Task to complete
A verbatim restatement of the data, free of pictures, is what you should output.

Recorded data
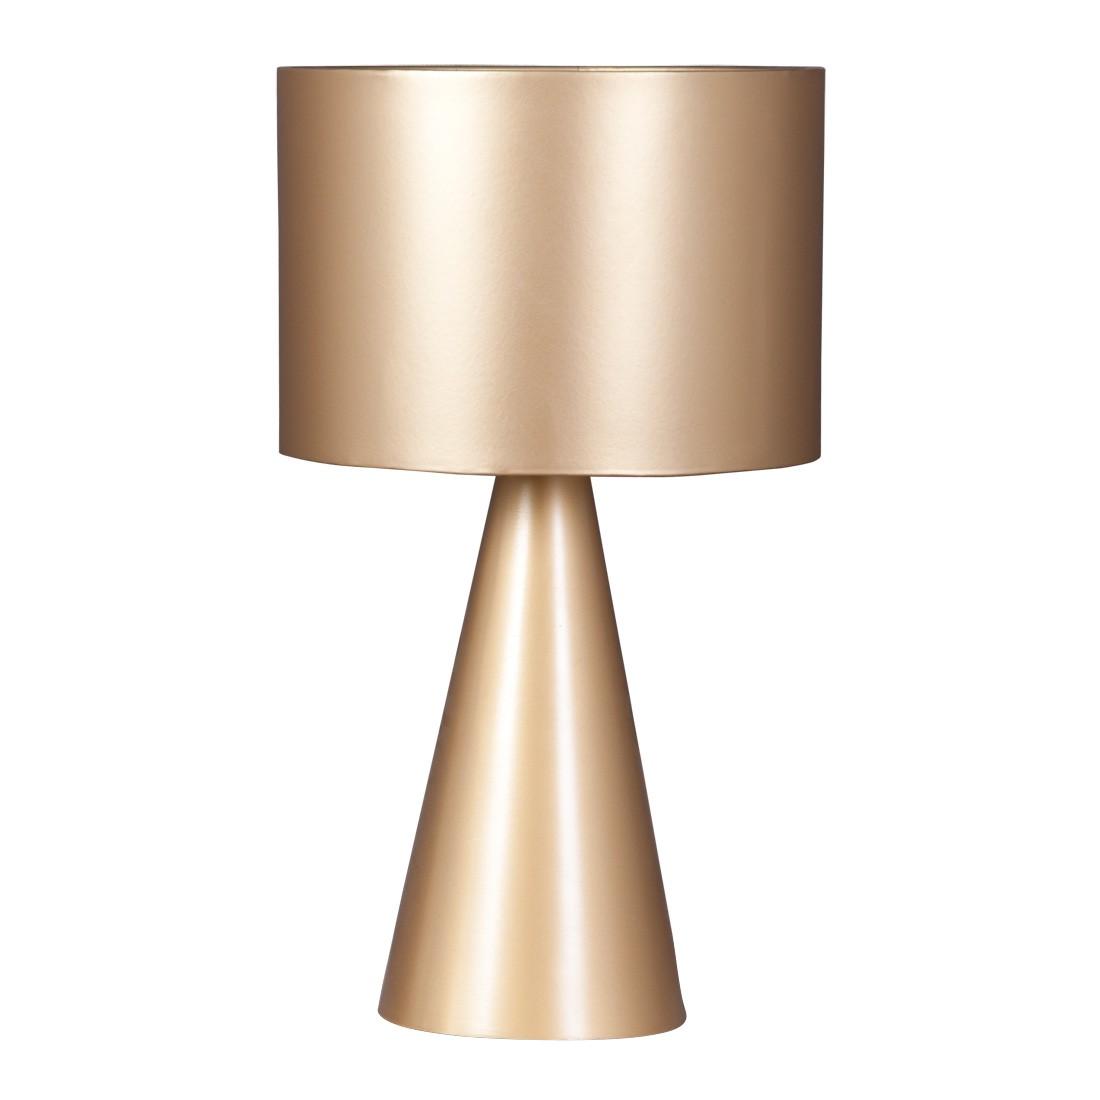 Tischleuchte Cutis ● Kunststoff ● 1-flammig- Furnitive A++
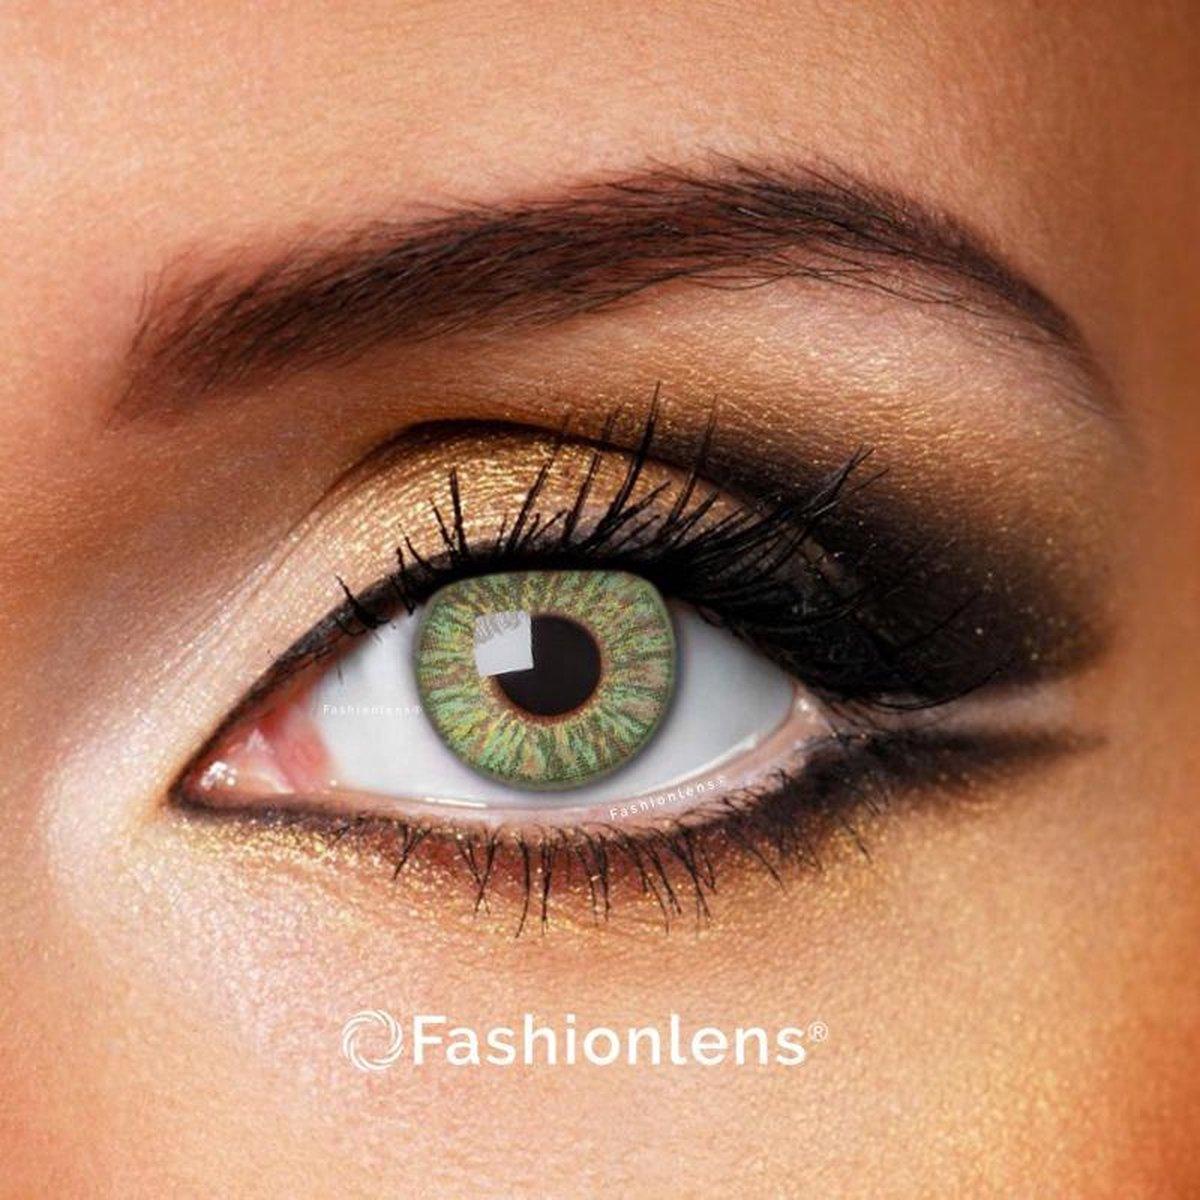 Kleurlenzen - Green Passion - jaarlenzen met lenshouder - groene contactlenzen Fashionlens
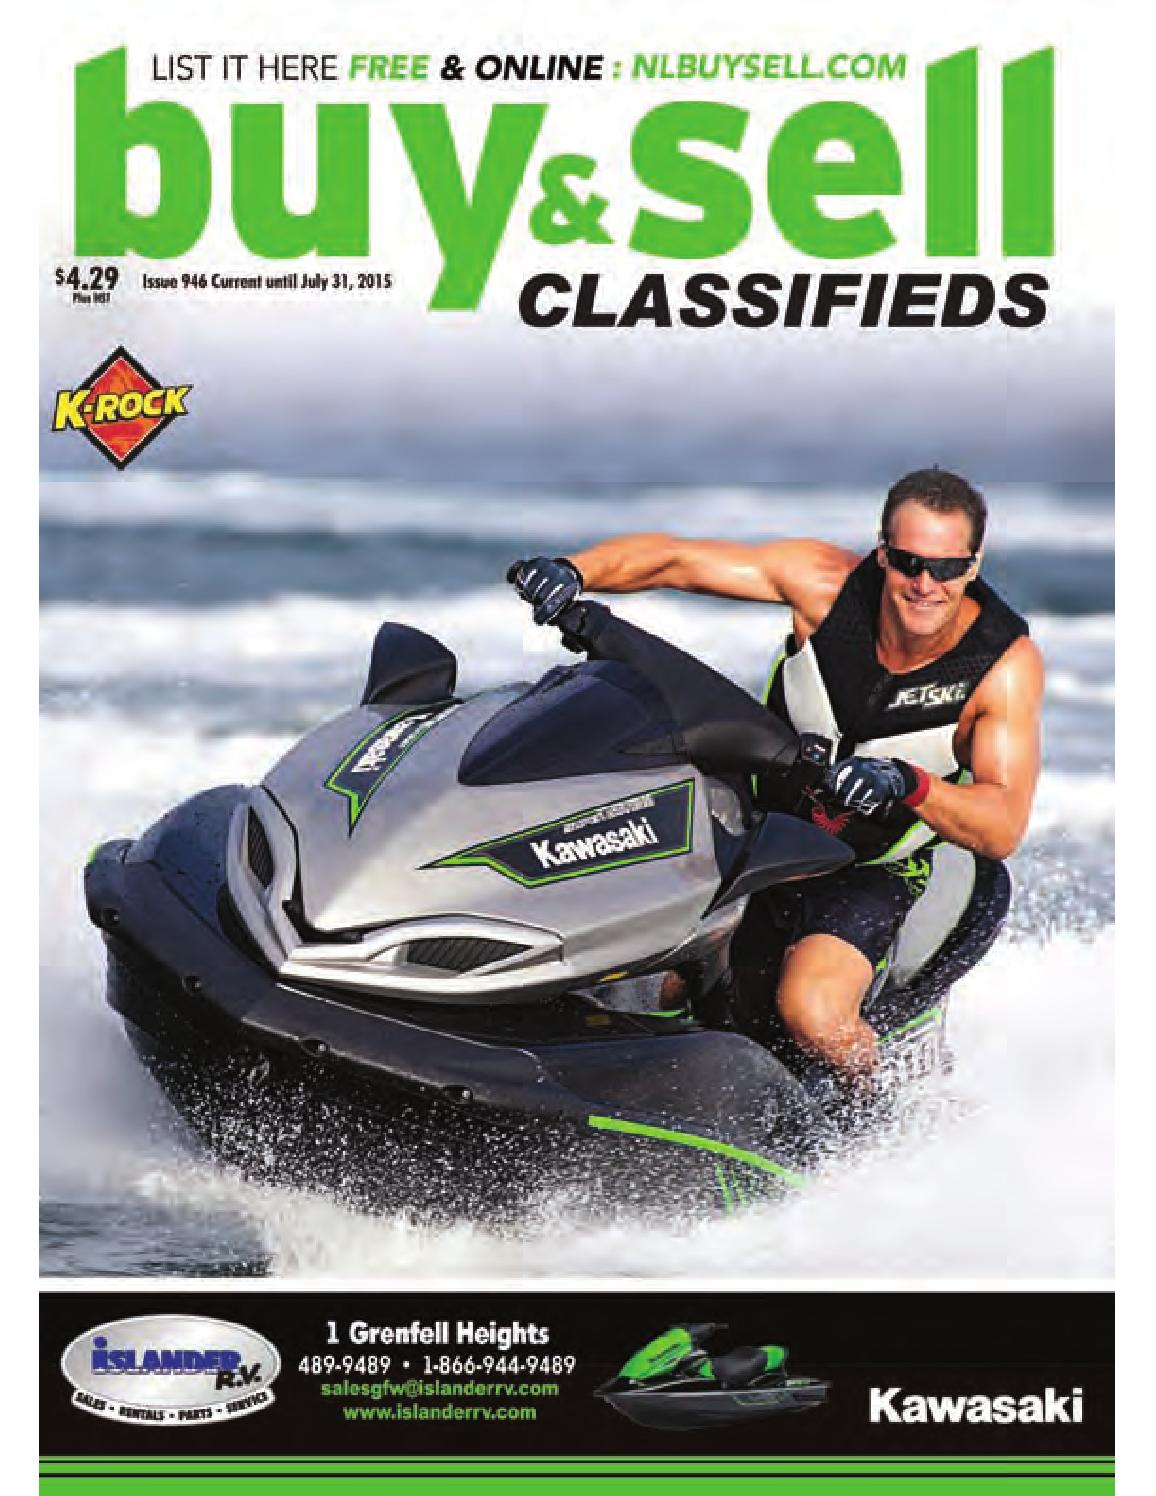 Yamaha Decals x4 GOLD Sticker Motorcycle Motocross Jetski Waverunner Bass Boat

Written response
 Tischleuchte Cutis ● Kunststoff ● 1-flammig- Furnitive A++
 Kleurlenzen - Green Passion - jaarlenzen met lenshouder - groene contactlenzen Fashionlens
 Yamaha Decals x4 GOLD Sticker Motorcycle Motocross Jetski Waverunner Bass Boat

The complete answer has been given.